Suffocated by Beauty: Istanbul 2024

إِنَّ اللهَ جَمِيلٌ يُحِبُّ الْجَمَالَ
“God is beautiful and loves Beauty“
What the voice inside you says is true: God’s Beauty is so deep it has the power to crush you.
Yeni Cami is different from the other mosques in Istanbul. Because it is open. Because it belongs to you. Mere minutes from your hotel. You walk to it in the early summer heat. It is dark, close to the time for isha, the night prayer. The taps outside the mosque where you do your ablutions have a European quality to it, reminding you of a fountain in an obscure Italian piazza. You climb the stone stairs to enter the mosque, the arched entrance greeting you with words from the Qur’an: “Your Lord has decreed upon Himself mercy.”
The interior is an open area where non-Muslim tourists sit calmly behind a low wooden gate, staring at the expansive ceiling of the masjid. You walk across the gate, your bare feet over the burgundy carpet lining the surface. Your comfort is natural. You have time to wander and absorb, feeling a solitude free of loneliness here. Staring above you where the names of God, his Messenger, and the Four Caliphs hang loftily, you can gaze into the hollowness of the green-red patterned dome and gaze at a universe contained completely within this structure. You remember someone asking you years ago why you remain a believer. You have no memory of your answer, although an answer comes to you right now: the primordial need to feel the stroke of Eternity’s hand on your cheek.
You sit next to one of the large, blue-tiled marble columns. A fair-haired man with crooked teeth loudly recites Ayat al-Kursi. He’s admonished by the middle-aged, moustached muezzin to be quiet before prayers begin. The iqama is said, and you form a line for isha with the other worshippers. Once done, after you say your supererogatory rakaats, you sit and listen to the imam recite the Qu’ran. The verses are unfamiliar, but you close your eyes and absorb the mellifluous qira’at nevertheless.

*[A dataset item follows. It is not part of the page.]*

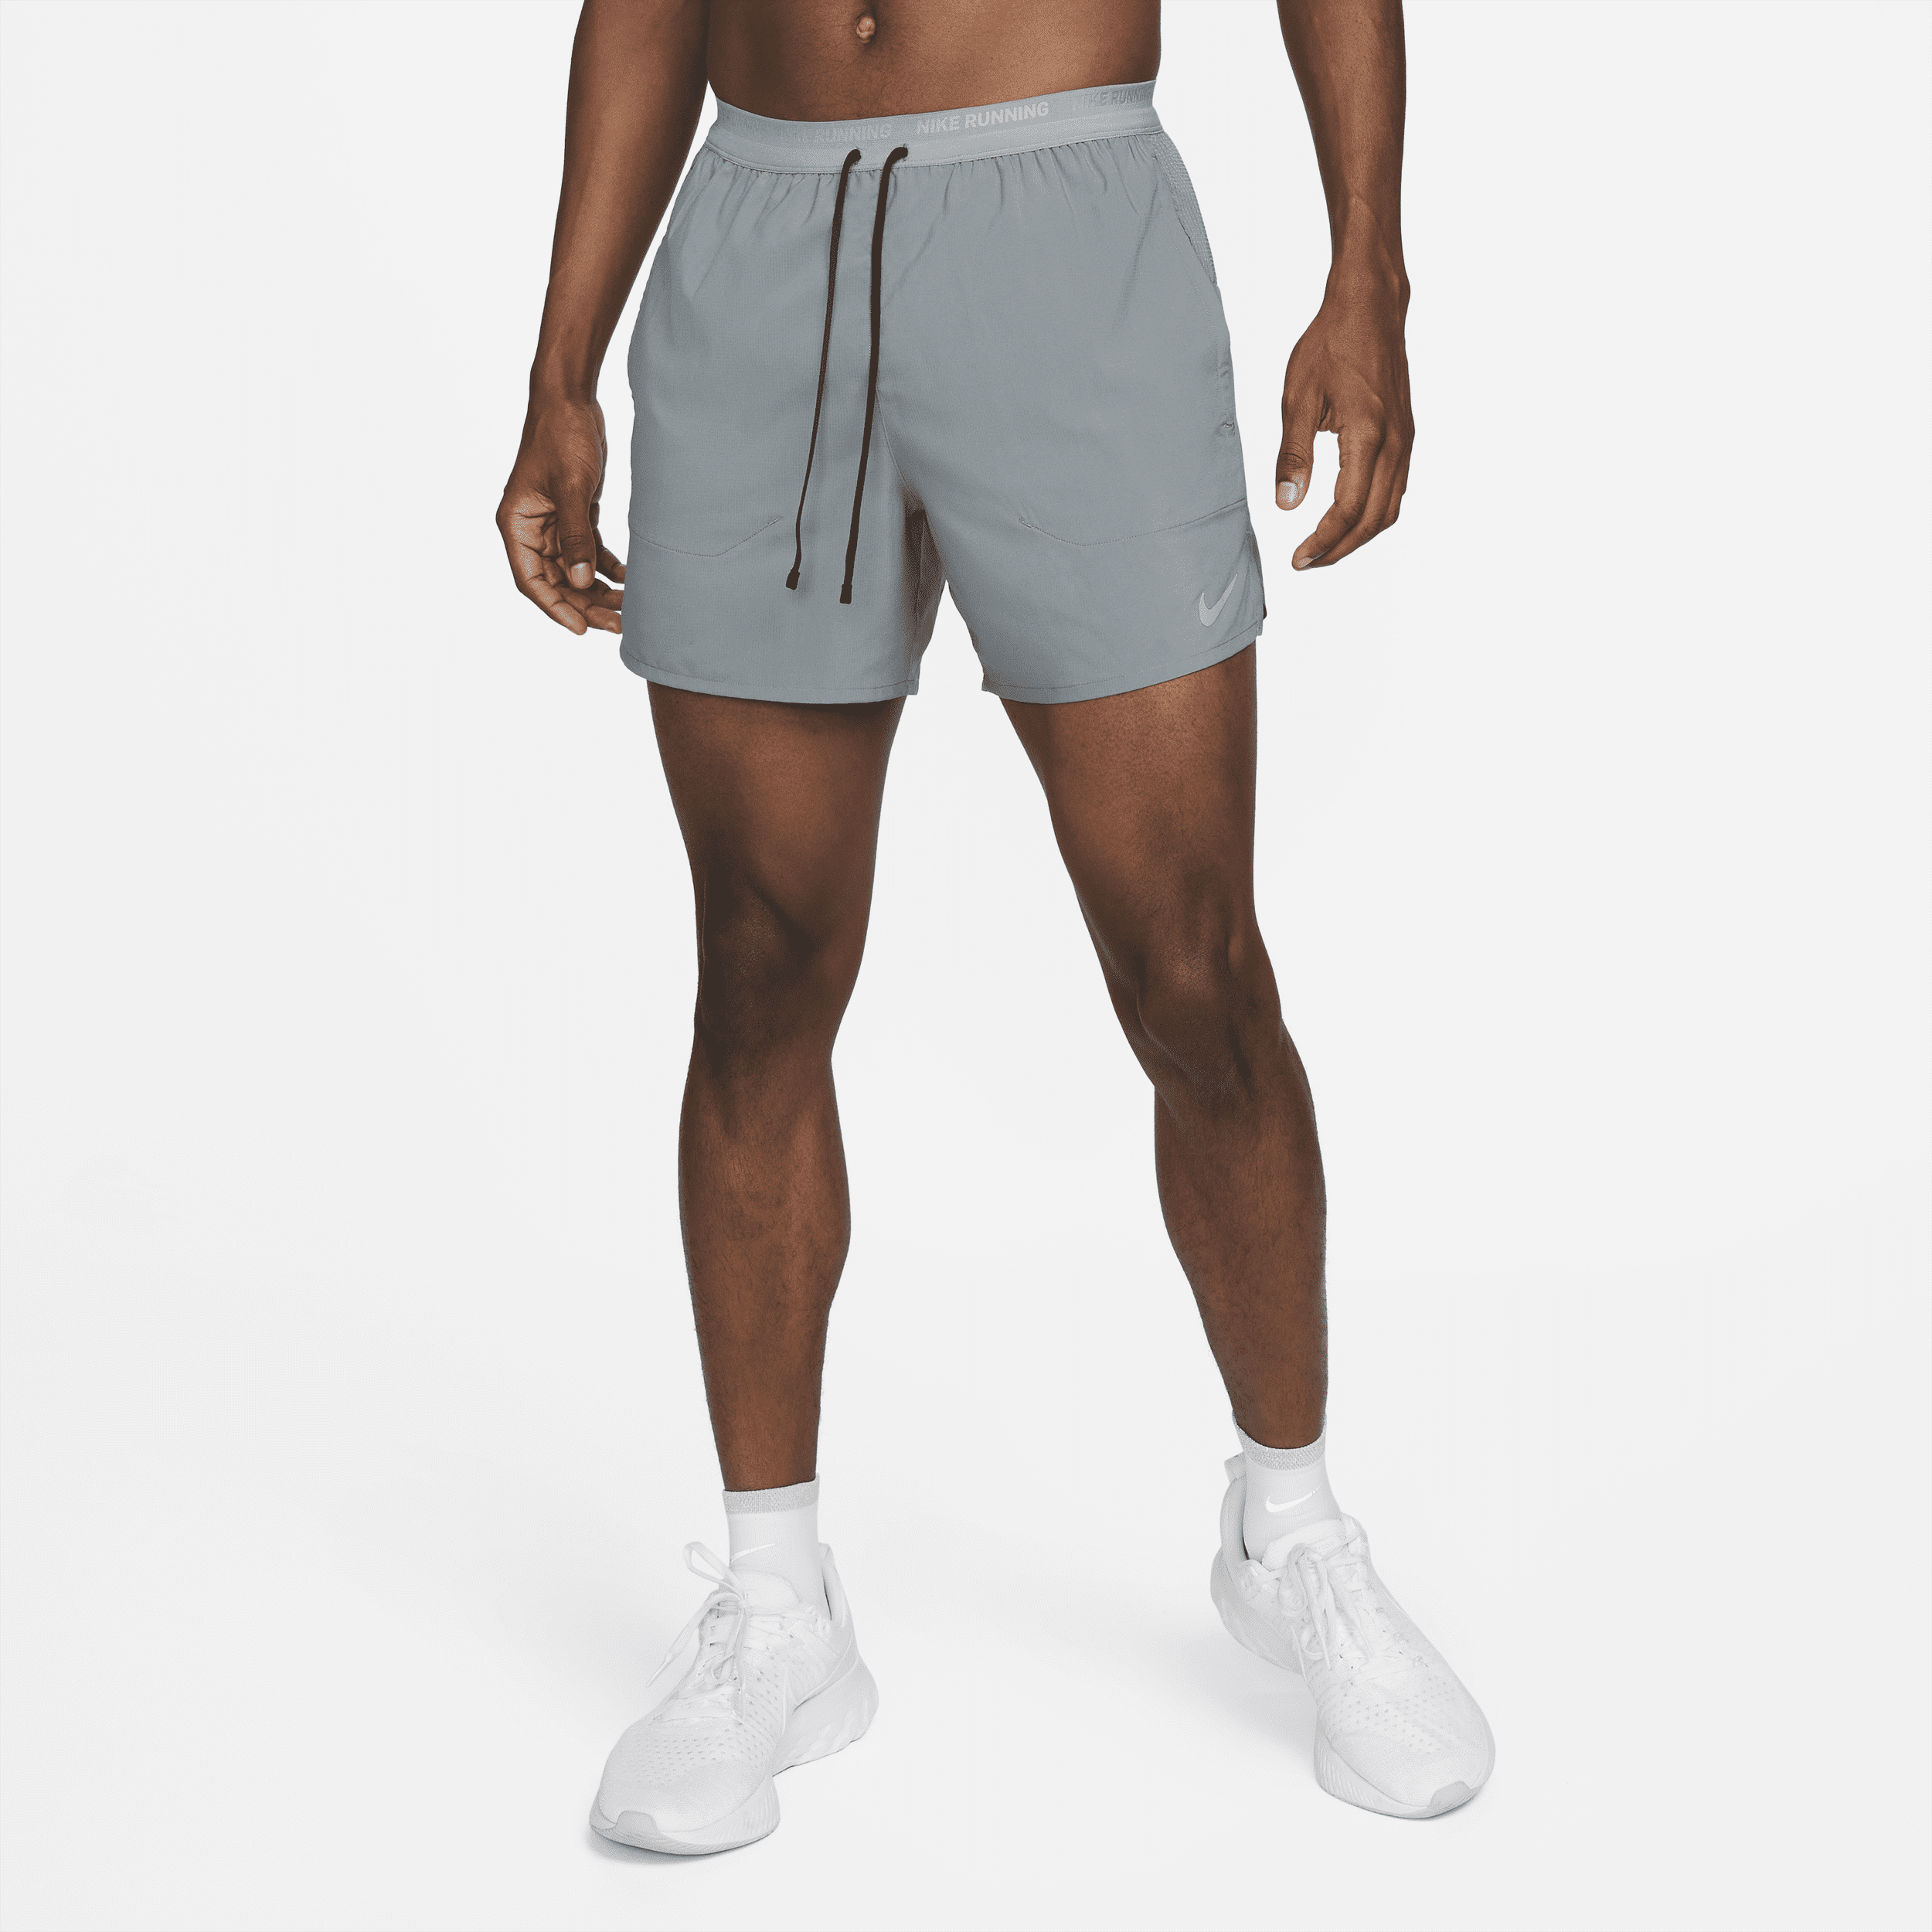 Shorts da running 13 cm con slip foderati Dri-FIT Nike Stride – Uomo - Grigio

You force yourselves to leave. You exit from where you entered, God’s mercy seeing you out. Eminönü is quiet. Lone motorcycles buzz over the cobblestones toward your hotel. Solitary cats fight each other for scraps. The lights of the storefronts selling nuts and lokum in the distance beyond the plaza guide you forward. You are seized by melancholy. When you go back, will you pray with the same enthusiasm you felt at Yeni Cami? Has Istanbul’s grandeur squeezed any sense that sacral loveliness could exist anywhere else?
Eid is a few days away. When you get back to Toronto, you’ll say your prayers in an abandoned warehouse converted into a mosque, a building still half-constructed despite having been a place of worship for years. Rough prayer mats will cover the basketball court created for the youngsters of a community you belong to but can never truly know. You will be reminded of every community centre, gym, banquet hall, and garage you’ve said Friday prayers in, where you’ve sat beside your father looking heavenward in his supplications seeking relief for the distress coming to this new world has given him. You’ll remember the drab ugliness of those places, those proxy musallas, and how they mirrored some secret sorrow in you, your displacement, your family’s loss of prestige and stability.

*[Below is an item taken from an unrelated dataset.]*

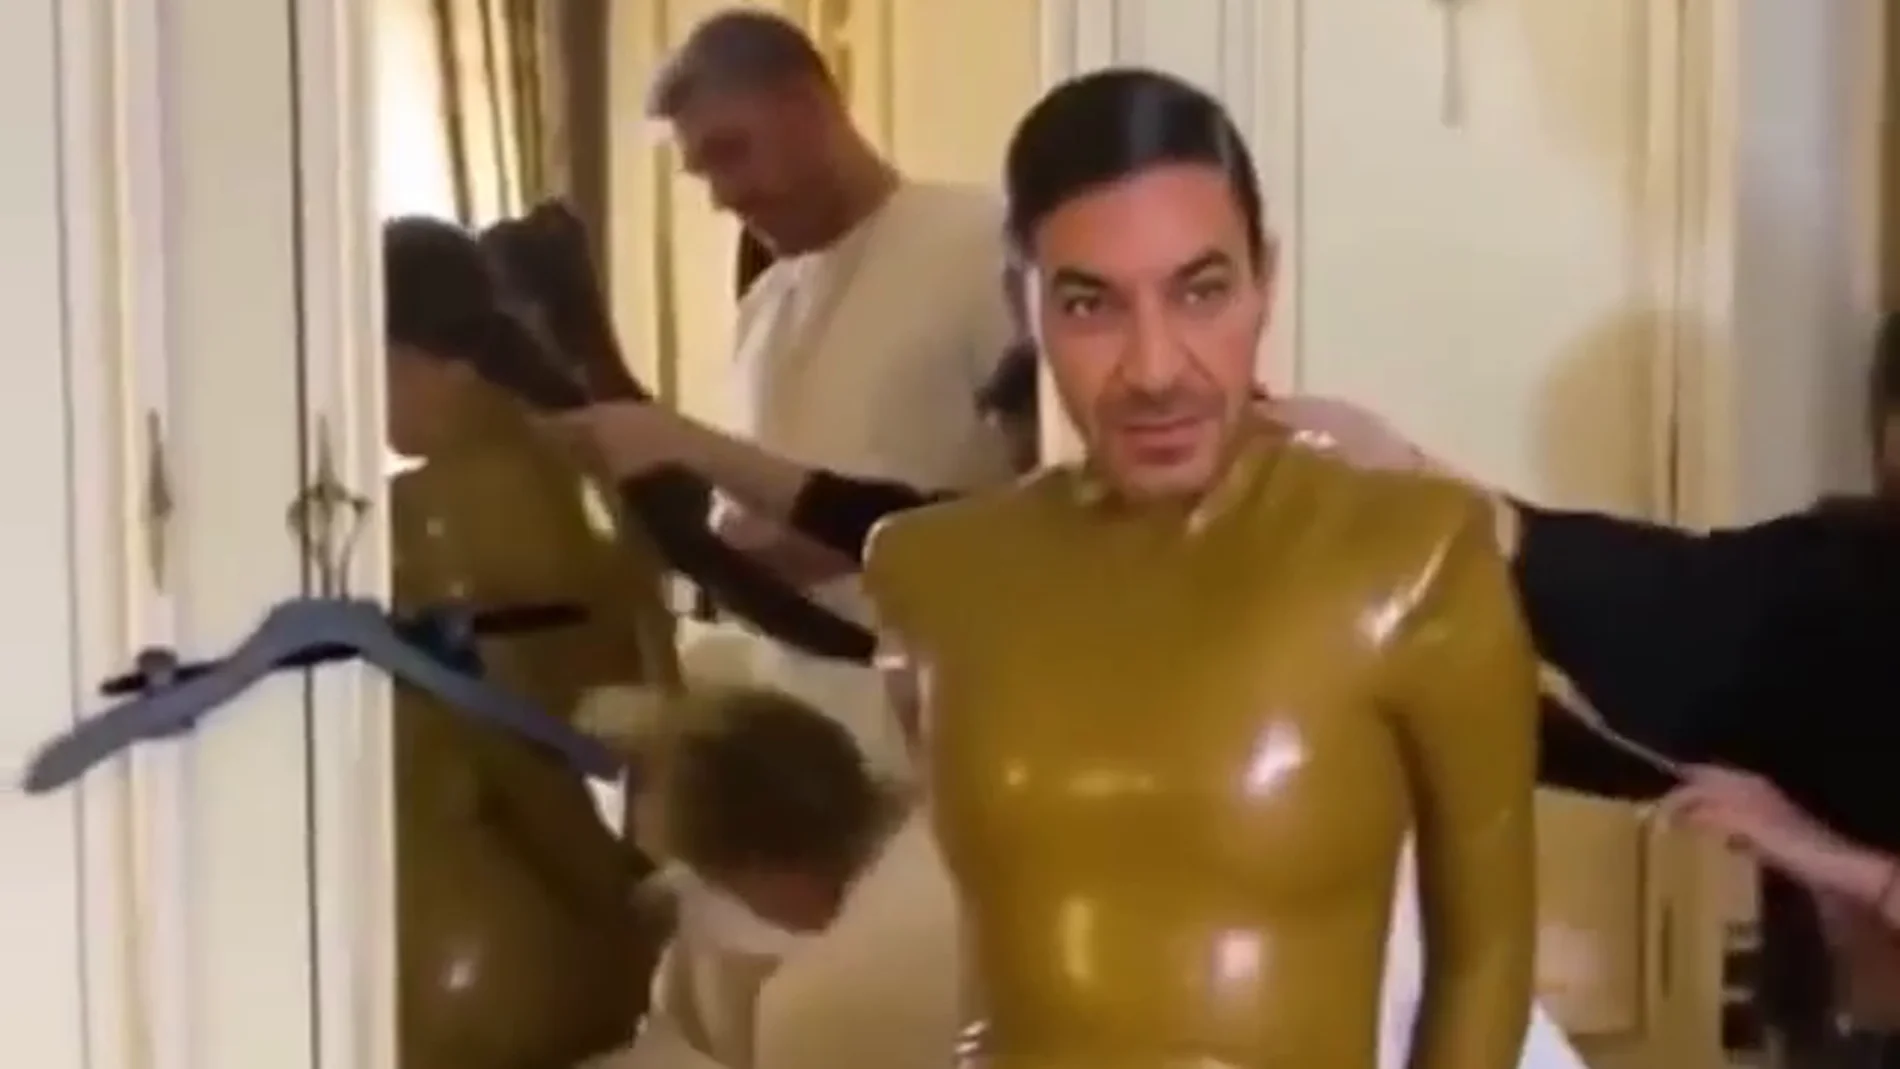 El hilarante vídeo viral de Arturo Valls convertido en Kim Kardashian

Before going to sleep, another memory: jummah in a garage somewhere in a North York strip mall. It is winter. No heat. We prostrate ourselves on thin prayer mats that barely shield us from the frigid concrete surface. When we finish, as we hustle outside to exit into the glacial winter, a man starts singing in Urdu. It is a naat, a song in praise of the Prophet. The lyrics are unfamiliar save for the words “ya Muhammad.” His voice lilts and carries itself into the wind as several other men join him.
You imagine that naat assuaging their pain, the same pain that your father carried inside him, of dislocation, of jobs gained and lost, of loss of honour in an indifferent land. You remember this now so acutely because it evokes what you just felt in Yeni Cami. The heart opening. An ugliness drowned by Al-Wadud, the Most Loving.
God loves what is beautiful. God loves what is damaged more. You ponder that as you sleep, imagining how, when you leave this city, when the memory of Yeni Cami fades, if in the cleavage of your cracked self you have the strength to let the light enter, to let the light within you emerge from the dark.